Amazon Jeff Bezos Washington Post

Amazon patriarch purchased publication for $250 million, less than 1% of his net worth

Around the time “Man of Steel” opened in June, media watcher Jim Romenesko circulated an it-only-hurts-when-you-laugh letter explaining why Superman’s alter ego Clark Kent was having his application rejected to become a reporter for a great metropolitan newspaper.

As it turns out, salvation for Clark Kent’s journalistic aspirations might require him to go to work for Batman, a.k.a. billionaire industrialist Bruce Wayne, whose philanthropic tendencies might occasionally obscure what could be construed as darker (or at least ulterior) motives.

The announcement that billionaire Jeff Bezos is buying the Washington Post — for $250 million, less than 1% of the Amazon patriarch’s net worth — set off a predictable flurry of front-page coverage and angst-ridden analysis. Compared to, say, the local saw mill being sold, you can file this one under the heading of stories that newspaper editors care about a lot more than their readers, for obvious reasons.

For the struggling newspaper industry, the romantic lure of the benevolent billionaire has clear underpinnings. Newspapers can still be a profitable business, the theory goes, and perhaps even still manage to accomplish some public good, if freed from the tyranny of the quarterly-profit imperative at publicly traded companies and allowed to pursue modest returns under enlightened private ownership.

Moreover, the super-rich have exhibited what appears to be a heightened interest in newspapers, including the recent sale of the Boston Globe to billionaire investor John Henry — who also happens to own baseball’s Boston Red Sox — and Warren Buffett’s acquisition of several smaller publications.

“If it wasn’t clear that newspapers have become trophies for the wealthy with an interest in journalism or power — or a combination of both — it should be now,” wrote New York Times columnist Andrew Ross Sorkin.

Yet the lingering fear is that while journalists dream of finding a Bruce Wayne — or in the case of the Los Angeles Times, an Eli Broad or David Geffen — they might wind up under the thumb of a Lex Luthor or some Bondian villain, eager to use these shiny new toys to pursue nefarious goals and world domination.

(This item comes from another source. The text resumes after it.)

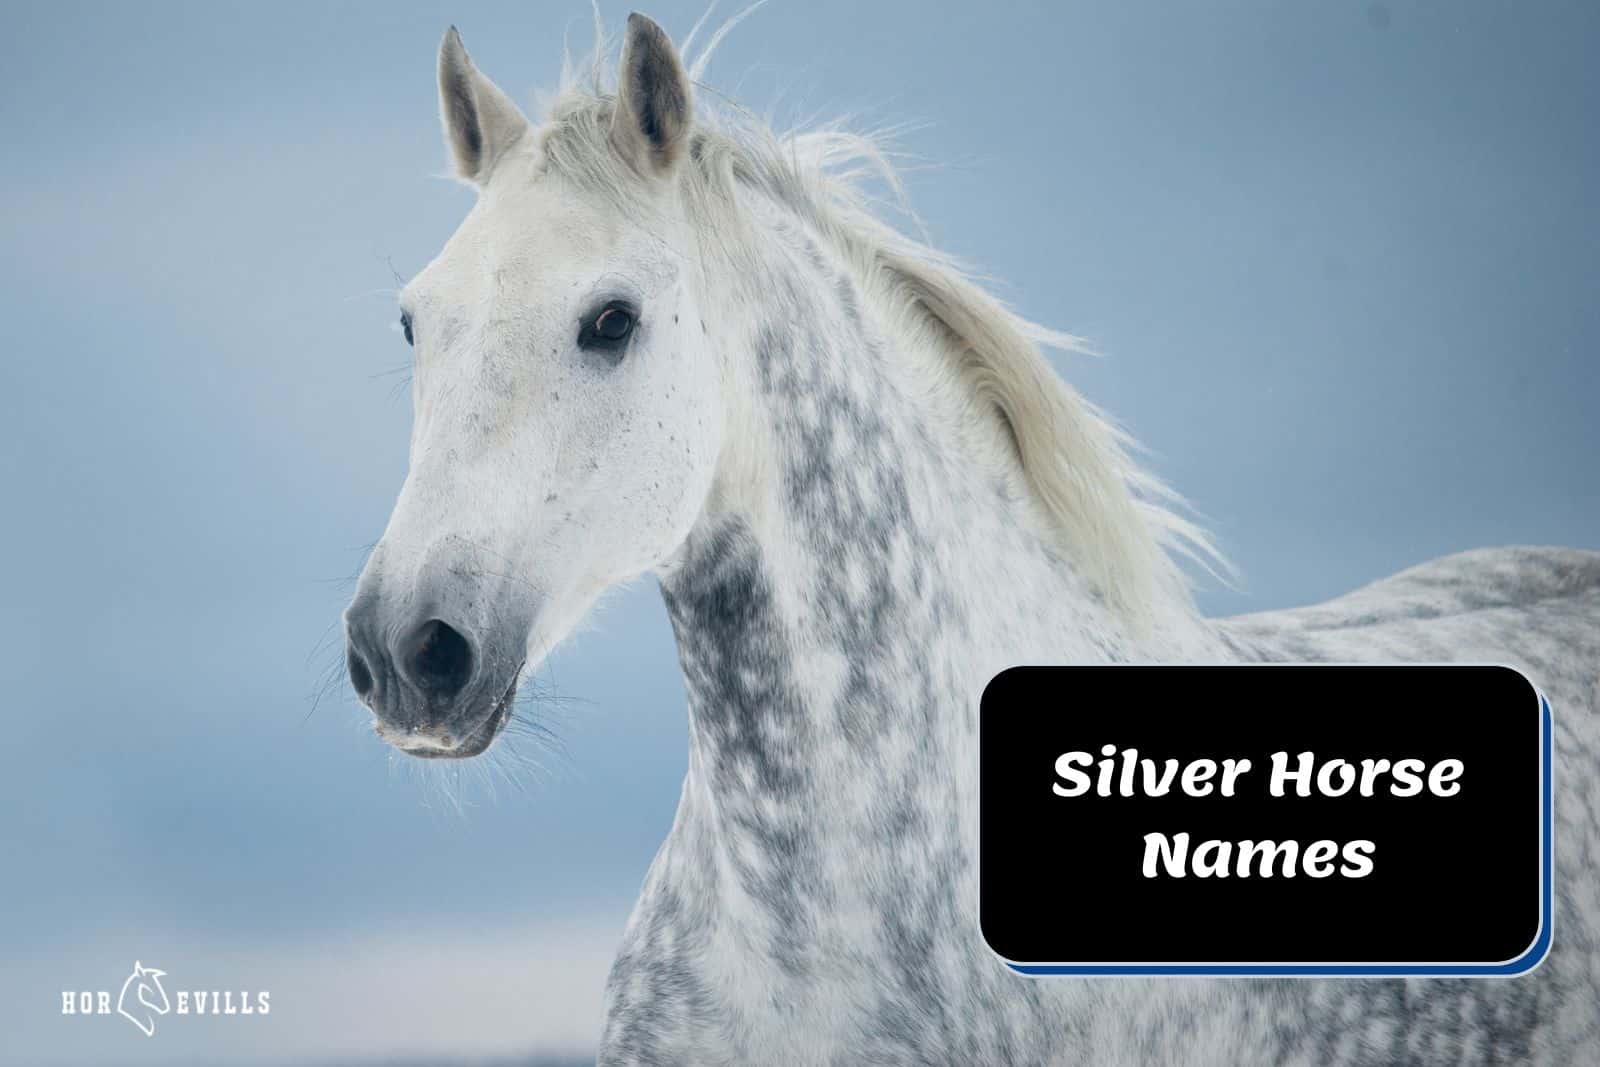 a silver horse looking at the camera [Silver Horse Names]

That’s always been suspected of Rupert Murdoch, who has made little secret of the glee he derives from his newspaper properties, yielding benefits that go far beyond what they deliver to his balance sheet. It took the phone-hacking scandal at outlets in the U.K. to prod the mogul to spin his print-grounded holdings off as a separate entity from his entertainment assets, and even then, he couldn’t bring himself to completely part with them.

More recently, word that the Koch brothers — well known for their conservative activism and backing of so-called astroturf groups, which appear to be grassroots organizations but are often backed by wealthy benefactors — were circling media properties, including the Tribune newspapers, triggered renewed hand-wringing. The mere rumor that the oil and gas barons harbored interest in the Times prompted Courage Campaign, a California-based progressive organization, to vigorously begin lobbying against such a transaction.

Under this logic, what good is it if the press survives, financially speaking, should the tradeoff involve becoming mouthpieces for moguls intent on acquiring media strictly to level what they perceive as an unequal playing field with left-leaning news outlets?

Bezos doesn’t fit that profile, but he does have disparate interests that could be advanced through the Post. And his decision to stay mostly mum regarding the sale — initially eschewing interviews, other than an open letter to staff pledging “the values of The Post do not need changing” — left the door open for speculation.

Still, given the wrenching changes and widespread layoffs that have strafed their industry, journalists find themselves in beggars-can’t-be-choosers mode. And Bezos comes armed not only with deep pockets but an established presence in the digital world that has reshaped newspapers — much like, it seems only fair to note, Jay Penske, whose company acquired Variety last year.

Thus far, anyway, the Bezos-Post deal has been greeted in journalistic circles with suspicion, but also a rare note of optimism. Then again, once you’re in need of being rescued, it’s a little late to start worrying about the color of your potential savior’s hat — or cape.